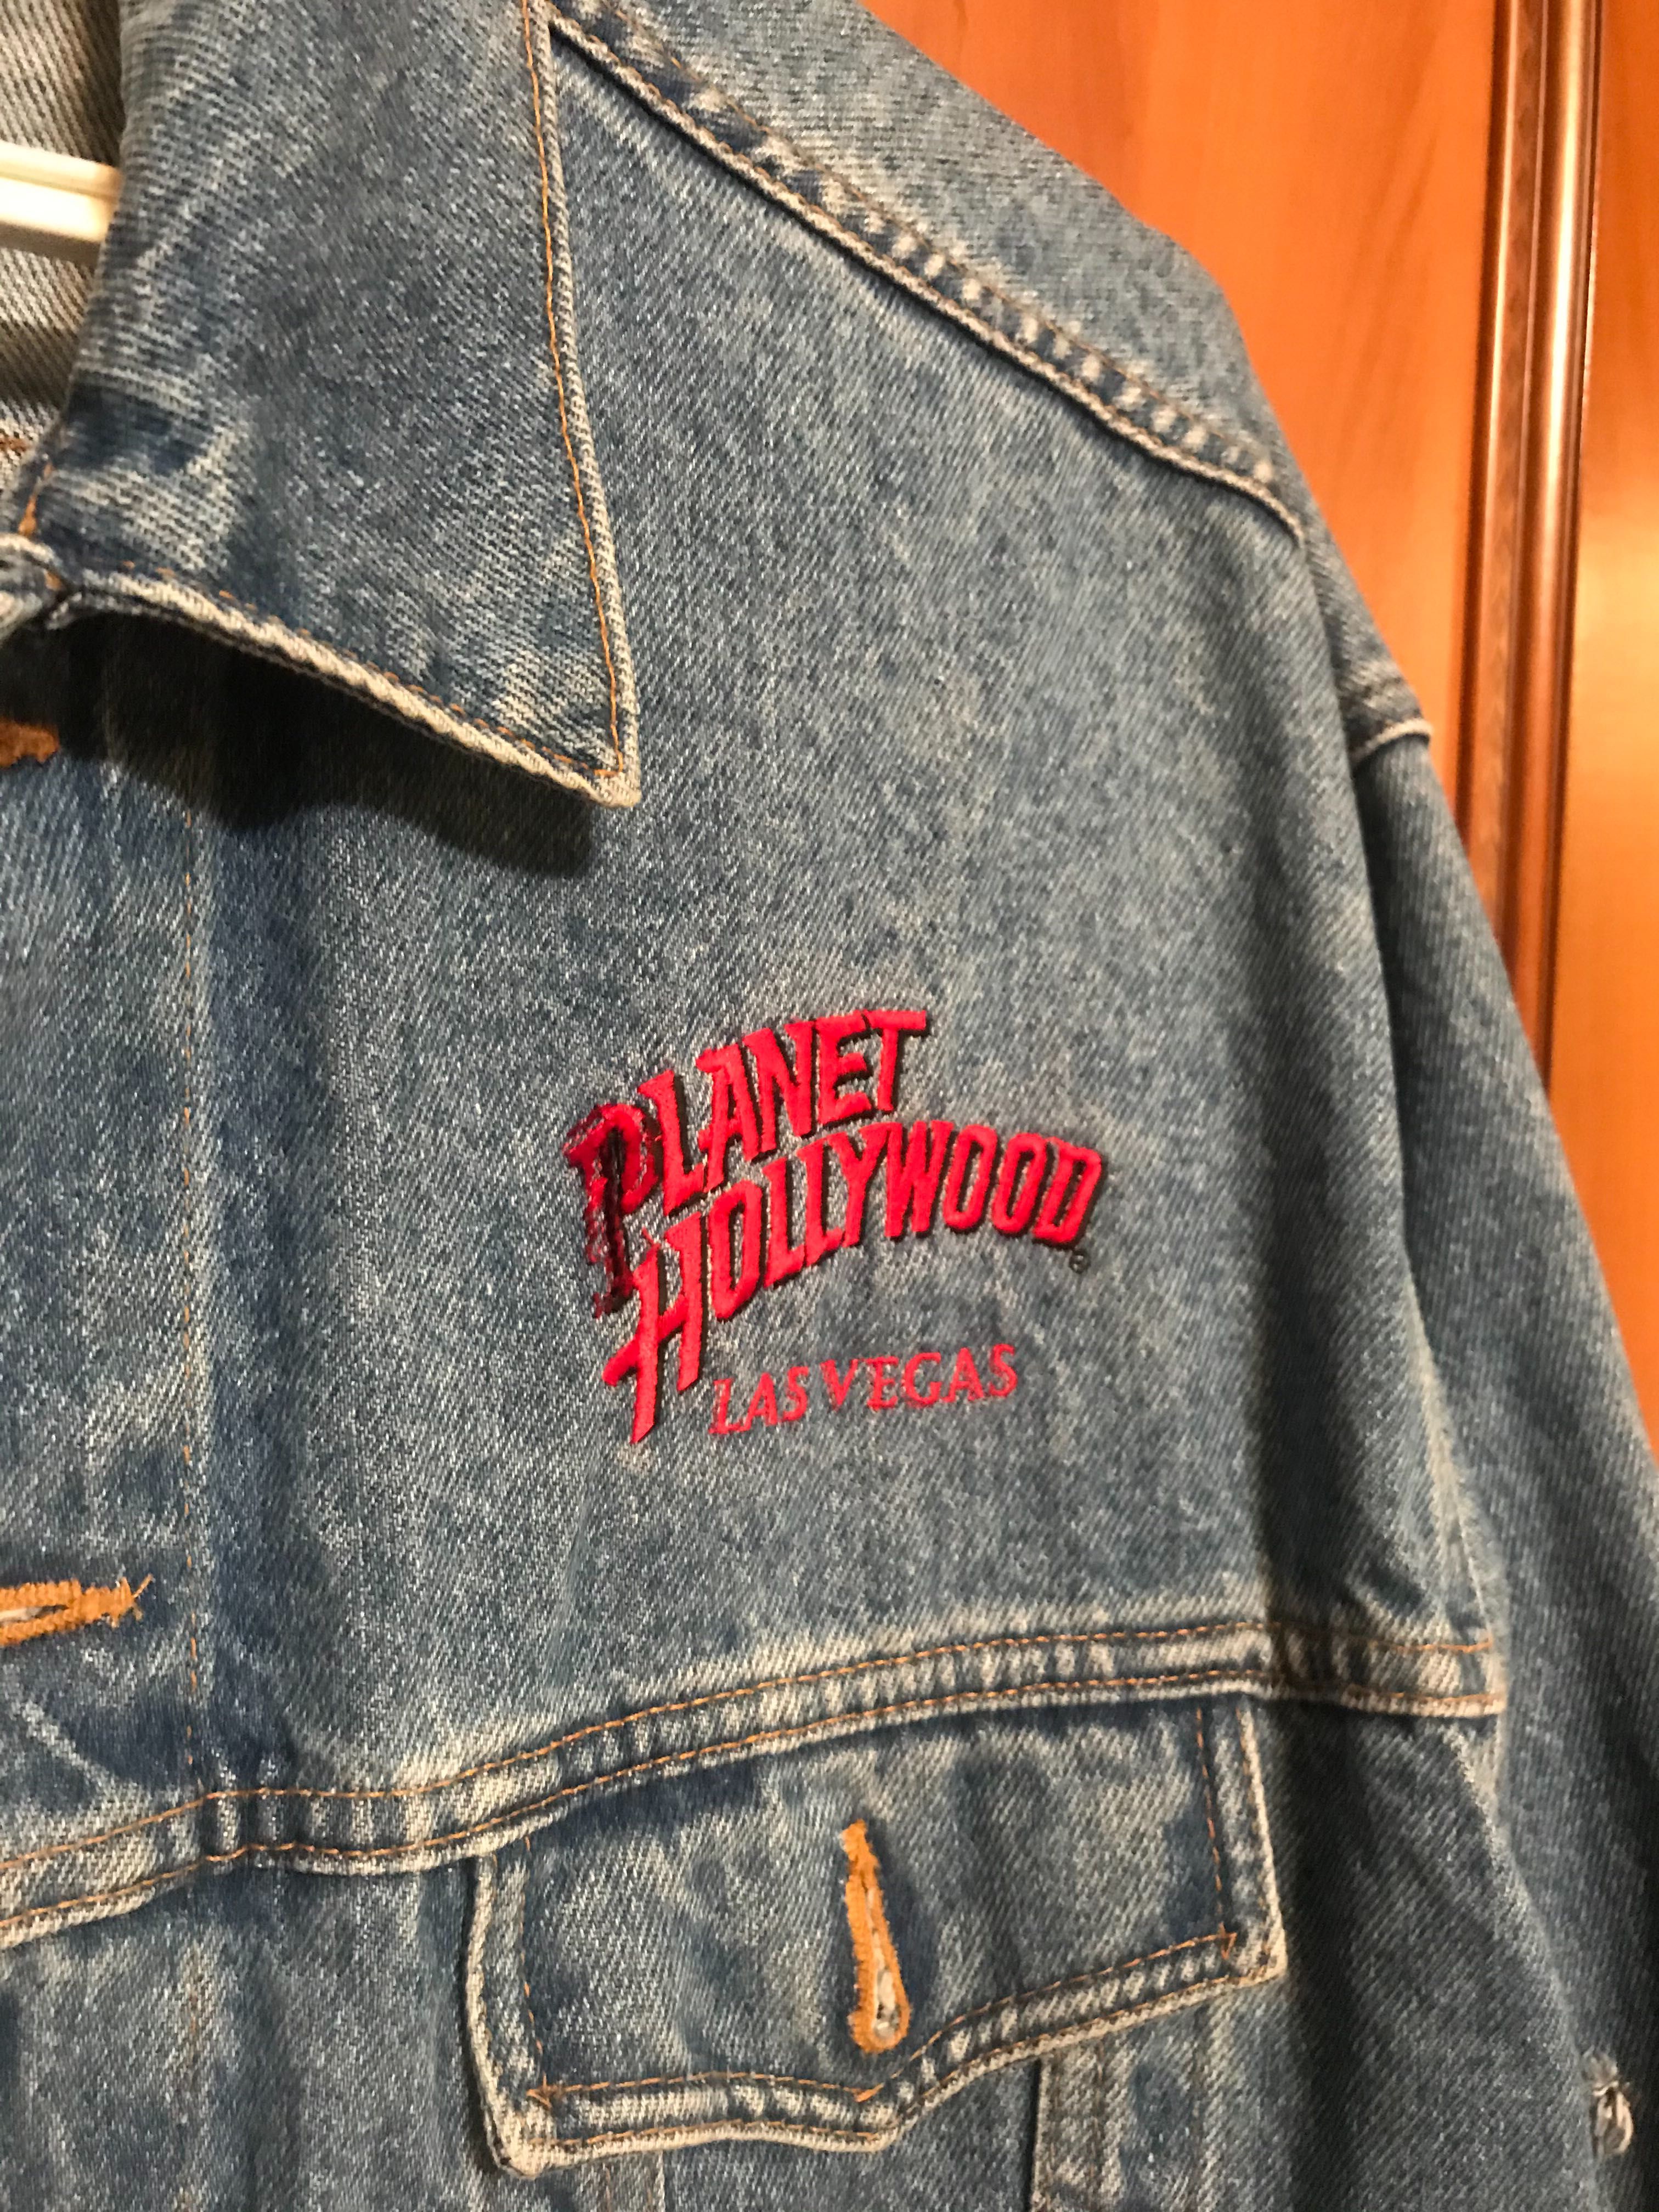 Джинсова куртка Planet Hollywood
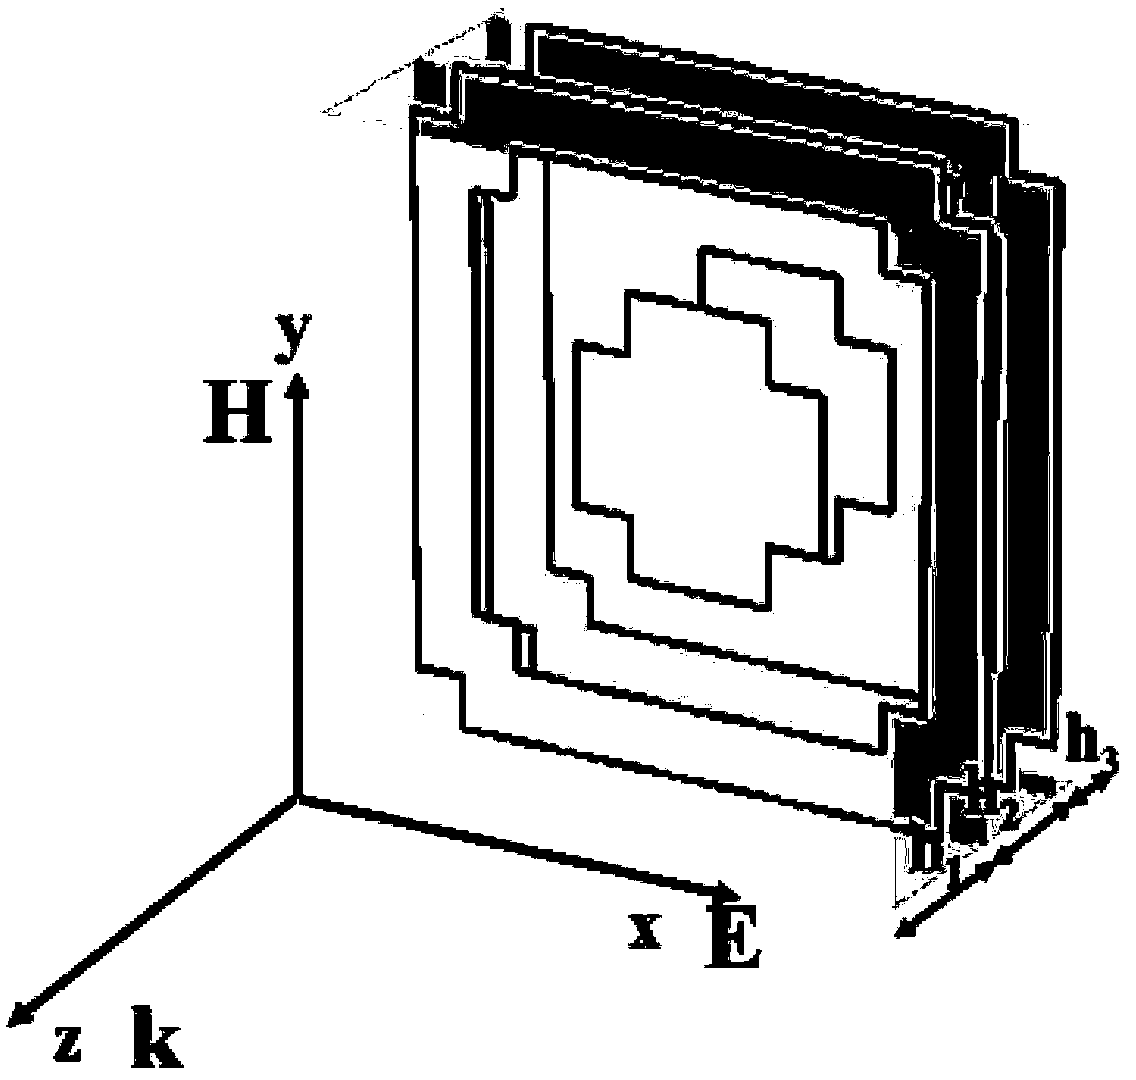 Manufacturing method of a novel terahertz ultra-wide passband filter
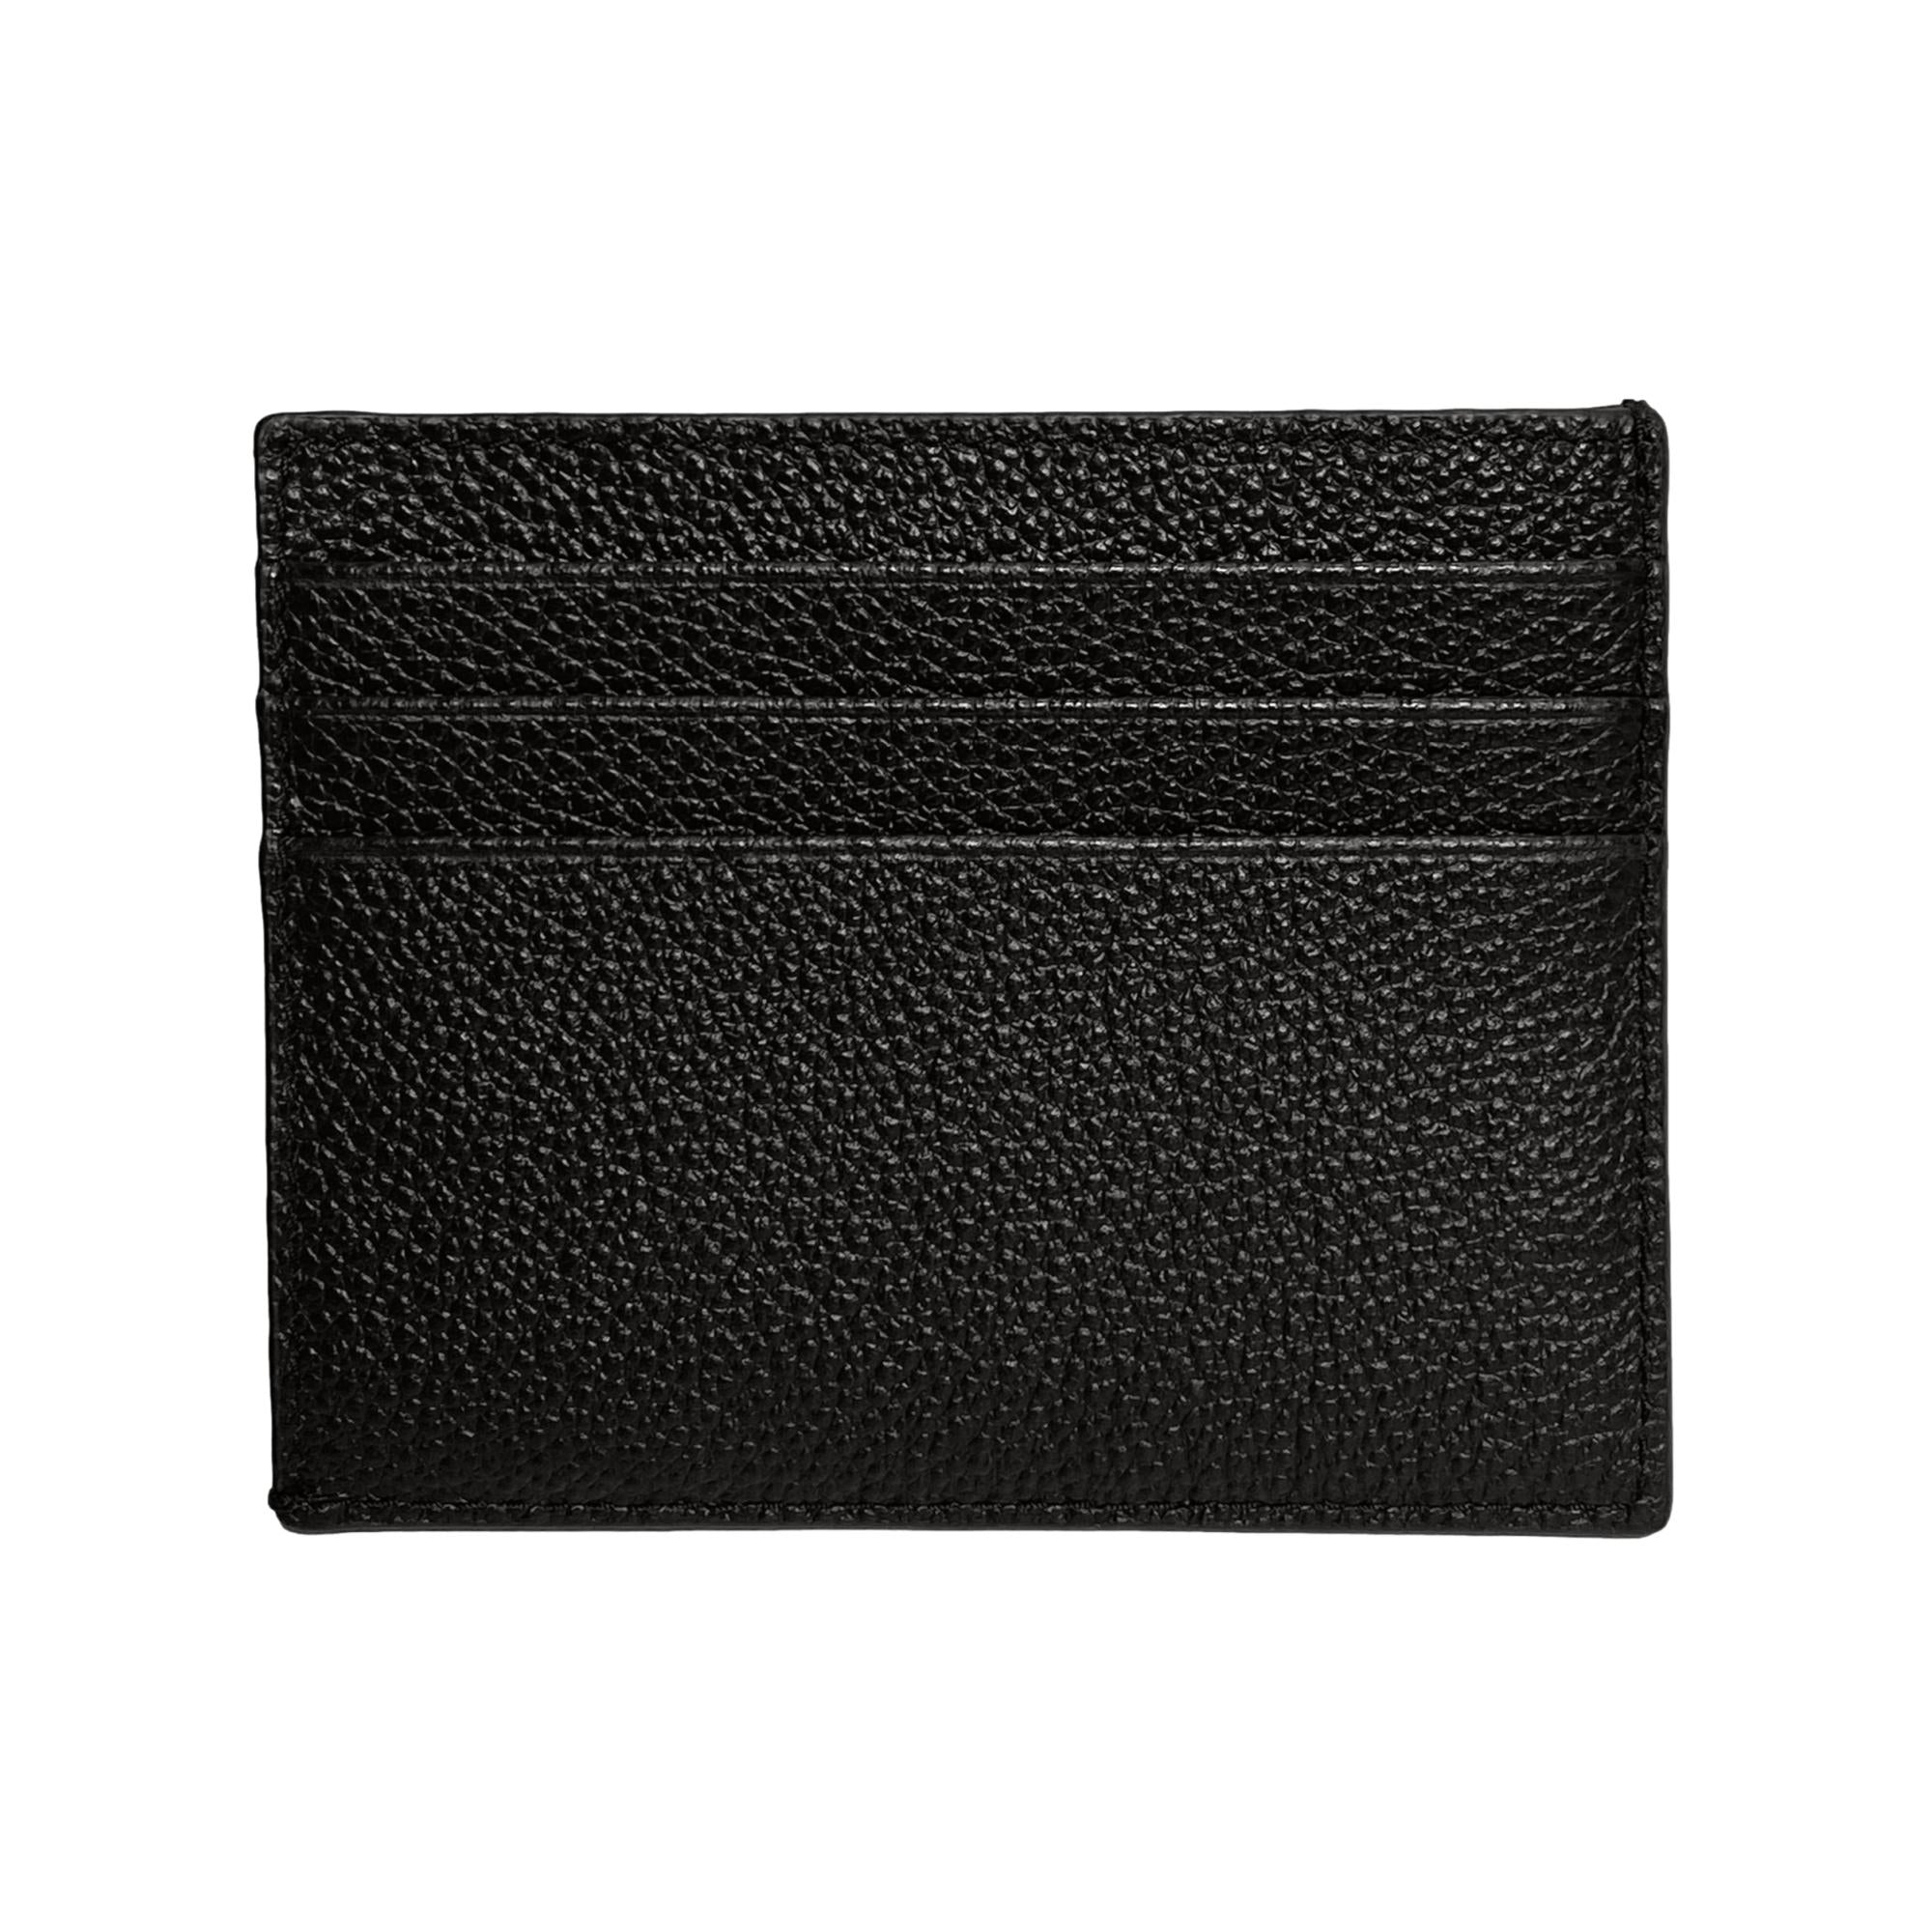 Prada Vitello Micro Grain Leather Black Card Holder Wallet

Exercise instructions: Write out an exact copy of the lines beginning at the line that contains "Manufacturing method of" and ending at the last line of the listing. Exclude pictures.

Task response:
 Manufacturing method of a novel terahertz ultra-wide passband filter
 Prada Vitello Micro Grain Leather Black Card Holder Wallet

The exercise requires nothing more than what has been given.